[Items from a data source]
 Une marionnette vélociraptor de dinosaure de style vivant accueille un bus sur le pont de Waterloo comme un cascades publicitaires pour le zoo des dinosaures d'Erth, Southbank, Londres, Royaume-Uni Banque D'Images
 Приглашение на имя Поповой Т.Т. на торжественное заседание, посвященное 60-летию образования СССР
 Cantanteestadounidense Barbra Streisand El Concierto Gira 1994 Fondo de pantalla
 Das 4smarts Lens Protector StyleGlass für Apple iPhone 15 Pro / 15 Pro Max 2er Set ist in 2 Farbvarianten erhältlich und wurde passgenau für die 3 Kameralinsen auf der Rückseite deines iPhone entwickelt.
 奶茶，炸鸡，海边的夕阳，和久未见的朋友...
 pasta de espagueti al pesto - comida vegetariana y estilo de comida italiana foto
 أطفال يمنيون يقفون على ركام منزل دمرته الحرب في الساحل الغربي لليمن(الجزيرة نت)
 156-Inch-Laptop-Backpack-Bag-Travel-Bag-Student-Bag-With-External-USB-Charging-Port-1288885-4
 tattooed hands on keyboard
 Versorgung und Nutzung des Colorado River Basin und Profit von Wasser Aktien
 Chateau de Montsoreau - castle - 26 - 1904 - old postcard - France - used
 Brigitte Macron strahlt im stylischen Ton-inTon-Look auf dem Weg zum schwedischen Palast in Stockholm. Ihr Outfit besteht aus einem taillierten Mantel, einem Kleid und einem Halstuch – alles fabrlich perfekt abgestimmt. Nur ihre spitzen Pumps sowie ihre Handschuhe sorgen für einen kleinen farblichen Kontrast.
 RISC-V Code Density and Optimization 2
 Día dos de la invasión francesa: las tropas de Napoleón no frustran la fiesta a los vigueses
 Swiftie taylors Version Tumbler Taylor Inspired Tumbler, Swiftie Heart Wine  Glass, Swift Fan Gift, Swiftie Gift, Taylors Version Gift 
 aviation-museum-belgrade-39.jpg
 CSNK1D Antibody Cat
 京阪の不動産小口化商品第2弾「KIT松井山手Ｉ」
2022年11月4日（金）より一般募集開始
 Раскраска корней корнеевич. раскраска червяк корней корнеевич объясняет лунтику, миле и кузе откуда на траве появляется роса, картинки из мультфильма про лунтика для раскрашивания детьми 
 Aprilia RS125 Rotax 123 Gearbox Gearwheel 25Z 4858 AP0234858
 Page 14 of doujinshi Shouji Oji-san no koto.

TASK:
Whatever the entries above contain, reproduce all of them exactly.

RESPONSE AREA:
 Une marionnette vélociraptor de dinosaure de style vivant accueille un bus sur le pont de Waterloo comme un cascades publicitaires pour le zoo des dinosaures d'Erth, Southbank, Londres, Royaume-Uni Banque D'Images
 Приглашение на имя Поповой Т.Т. на торжественное заседание, посвященное 60-летию образования СССР
 Cantanteestadounidense Barbra Streisand El Concierto Gira 1994 Fondo de pantalla
 Das 4smarts Lens Protector StyleGlass für Apple iPhone 15 Pro / 15 Pro Max 2er Set ist in 2 Farbvarianten erhältlich und wurde passgenau für die 3 Kameralinsen auf der Rückseite deines iPhone entwickelt.
 奶茶，炸鸡，海边的夕阳，和久未见的朋友...
 pasta de espagueti al pesto - comida vegetariana y estilo de comida italiana foto
 أطفال يمنيون يقفون على ركام منزل دمرته الحرب في الساحل الغربي لليمن(الجزيرة نت)
 156-Inch-Laptop-Backpack-Bag-Travel-Bag-Student-Bag-With-External-USB-Charging-Port-1288885-4
 tattooed hands on keyboard
 Versorgung und Nutzung des Colorado River Basin und Profit von Wasser Aktien
 Chateau de Montsoreau - castle - 26 - 1904 - old postcard - France - used
 Brigitte Macron strahlt im stylischen Ton-inTon-Look auf dem Weg zum schwedischen Palast in Stockholm. Ihr Outfit besteht aus einem taillierten Mantel, einem Kleid und einem Halstuch – alles fabrlich perfekt abgestimmt. Nur ihre spitzen Pumps sowie ihre Handschuhe sorgen für einen kleinen farblichen Kontrast.
 RISC-V Code Density and Optimization 2
 Día dos de la invasión francesa: las tropas de Napoleón no frustran la fiesta a los vigueses
 Swiftie taylors Version Tumbler Taylor Inspired Tumbler, Swiftie Heart Wine  Glass, Swift Fan Gift, Swiftie Gift, Taylors Version Gift 
 aviation-museum-belgrade-39.jpg
 CSNK1D Antibody Cat
 京阪の不動産小口化商品第2弾「KIT松井山手Ｉ」
2022年11月4日（金）より一般募集開始
 Раскраска корней корнеевич. раскраска червяк корней корнеевич объясняет лунтику, миле и кузе откуда на траве появляется роса, картинки из мультфильма про лунтика для раскрашивания детьми 
 Aprilia RS125 Rotax 123 Gearbox Gearwheel 25Z 4858 AP0234858
 Page 14 of doujinshi Shouji Oji-san no koto.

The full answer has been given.